Data below:

......

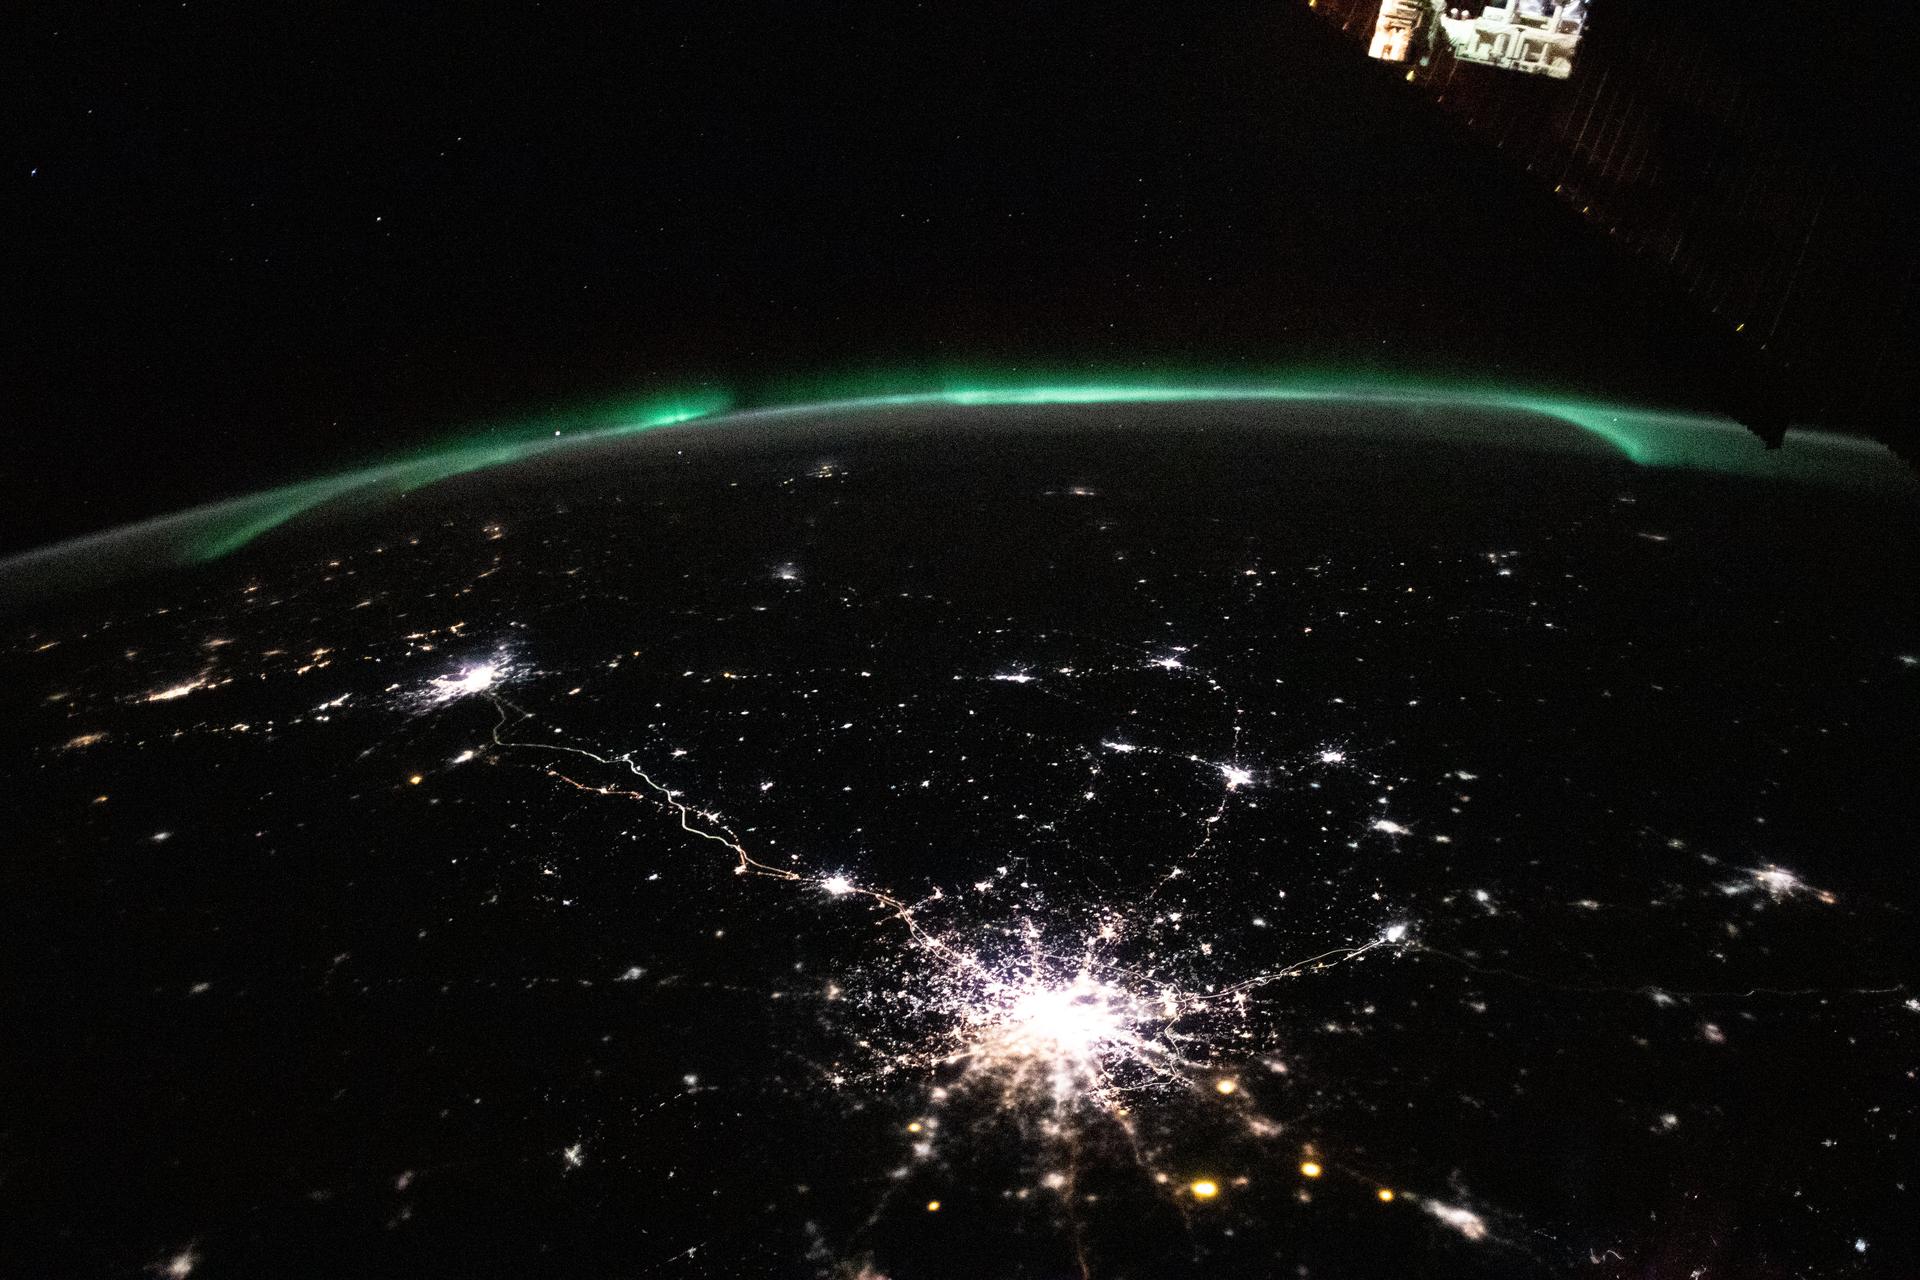 city lights in the night's sky with a green aurora overhead
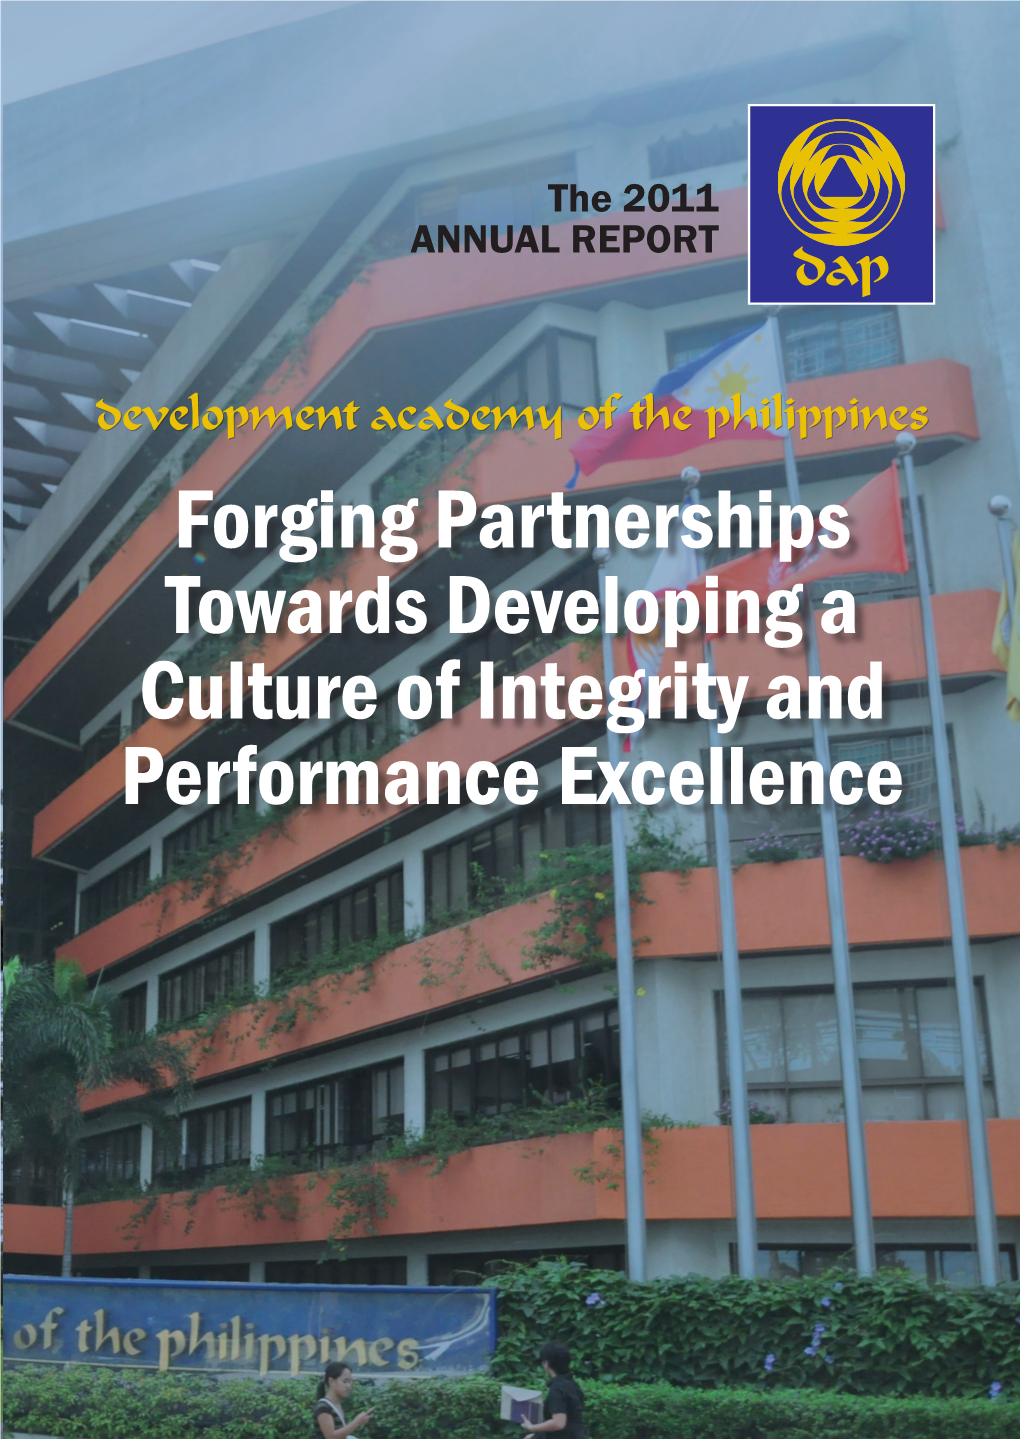 2011 Annual Report Development Academy of the Philippines Forging Partnerships Towards Developing a Culture of Integrity and Performance Excellence PUBLICATIONS TEAM
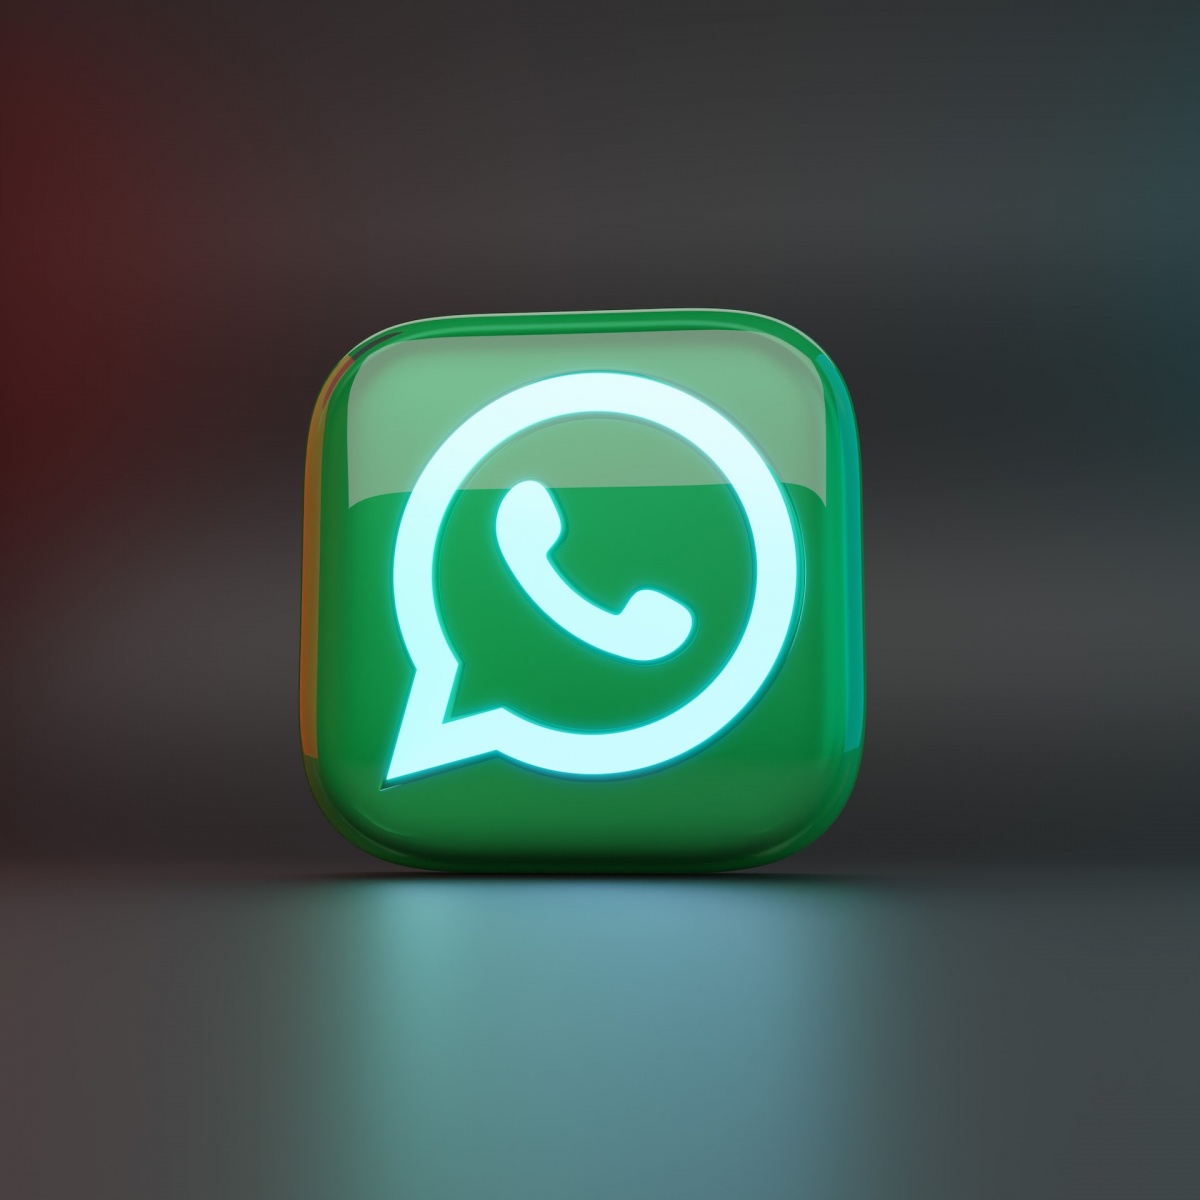 WhatsApp Will Soon Stop Working on 49 Smartphones Including iPhone 5 Starting December 31

......

What the exercise asks: All the material above should be written out exactly, with images omitted.

Your response:
 city lights in the night's sky with a green aurora overhead
 2011 Annual Report Development Academy of the Philippines Forging Partnerships Towards Developing a Culture of Integrity and Performance Excellence PUBLICATIONS TEAM
 WhatsApp Will Soon Stop Working on 49 Smartphones Including iPhone 5 Starting December 31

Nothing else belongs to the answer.